A critical vulnerability (CVE-2025-55190) in Argo CD allows low-privileged API tokens to retrieve all associated repository credentials, bypassing isolation mechanisms. This flaw, rated CVSS 10.0, enables tokens with even basic 'get' permissions to access sensitive usernames and passwords. Exploitation can lead to cloning private codebases, injecting malicious manifests, and supply chain attacks. The vulnerability affects all Argo CD versions up to 2.13.0, impacting numerous large enterprises using it for mission-critical deployments. Administrators are urged to upgrade to patched versions (e.g., 3.1.2, 3.0.14, 2.14.16, 2.13.9) immediately.

CISA has issued an urgent alert regarding an actively exploited zero-day use-after-free vulnerability (CVE-2025-48543) in Android Runtime. * This critical flaw enables attackers to escape the Chrome sandbox and achieve local privilege escalation on affected devices. * Active exploitation presents a significant risk, potentially leading to full device control, data theft, or malicious software installation. * Organizations and users must apply vendor patches and mitigations by September 25, 2025, to prevent unauthorized access and mitigate severe impact.
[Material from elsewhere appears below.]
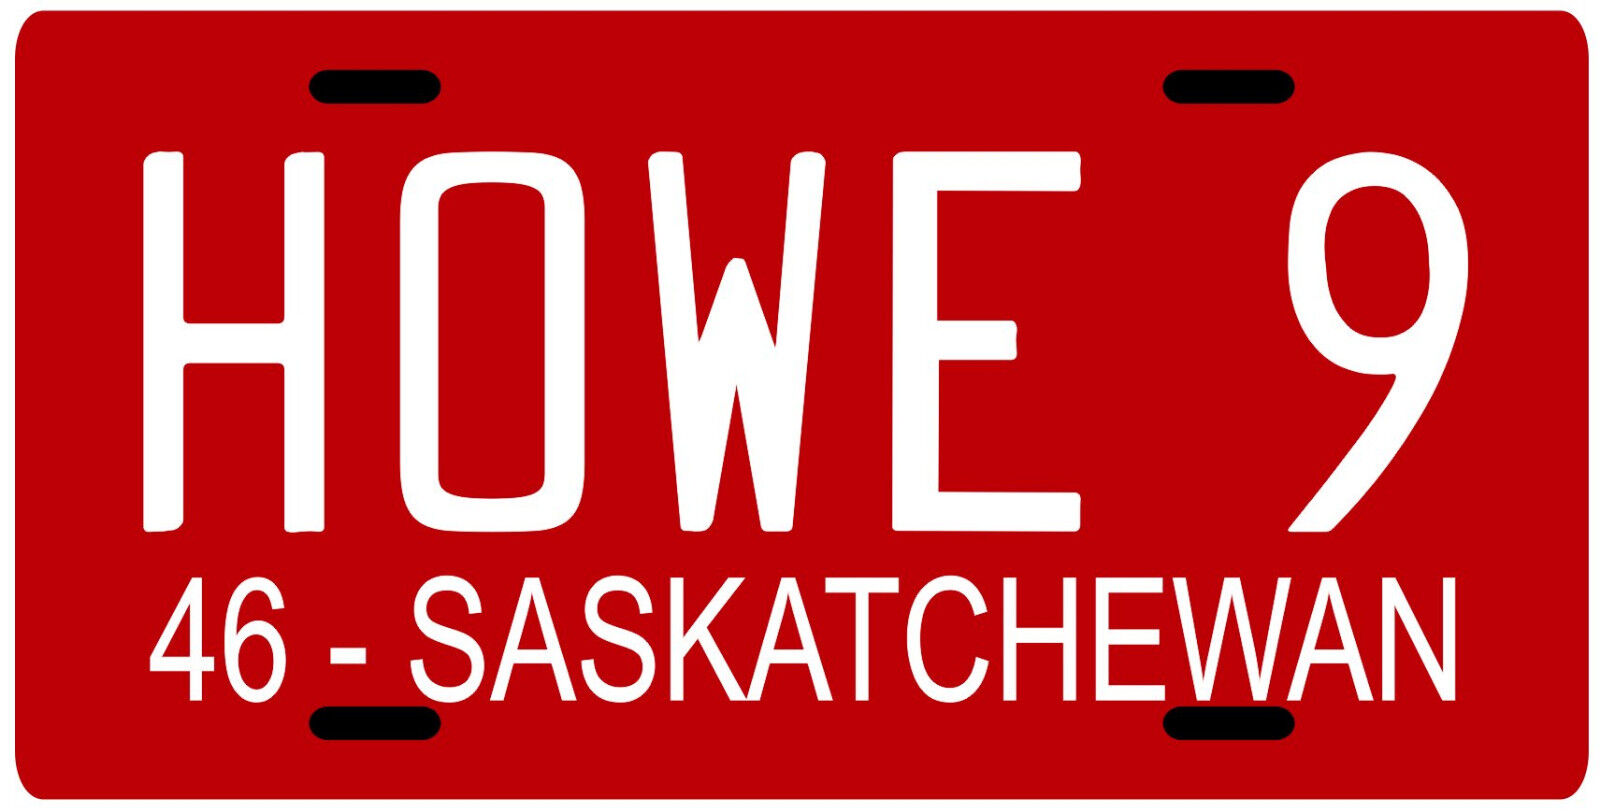 Gordie Howe 1946 Saskatchewan License plate

CISA has issued an urgent warning regarding the active exploitation of two critical vulnerabilities in popular TP-Link router models, posing significant risks to home and small business networks. * The flaws, CVE-2025-9377 (OS command injection) and CVE-2023-50224 (authentication bypass), allow arbitrary command execution and credential access, respectively. * Both vulnerabilities are added to CISA's KEV catalog, with a mandatory remediation deadline for federal agencies. * Many affected devices are End-of-Life, complicating patching and increasing long-term security risks for users. * CISA strongly recommends immediate discontinuation of unsupported devices and applying vendor mitigations for others.

The Czech National Cyber and Information Security Agency (NÚKIB) issued a formal warning regarding products and services transferring user and system data to China, citing legal frameworks that compel data sharing with the state. * This data transfer enables remote administration and potential misuse by state interests, impacting national resilience beyond privacy concerns. * Chinese legal regulations, including National Security and Intelligence Laws, eliminate meaningful separation between private entities and state cyber operations. * Threat intelligence indicates a significant increase in intrusion activity and cloud targeting by Chinese operations. * The advisory highlights supply chain risks, as third-party dependencies can expose organizations to data theft and espionage.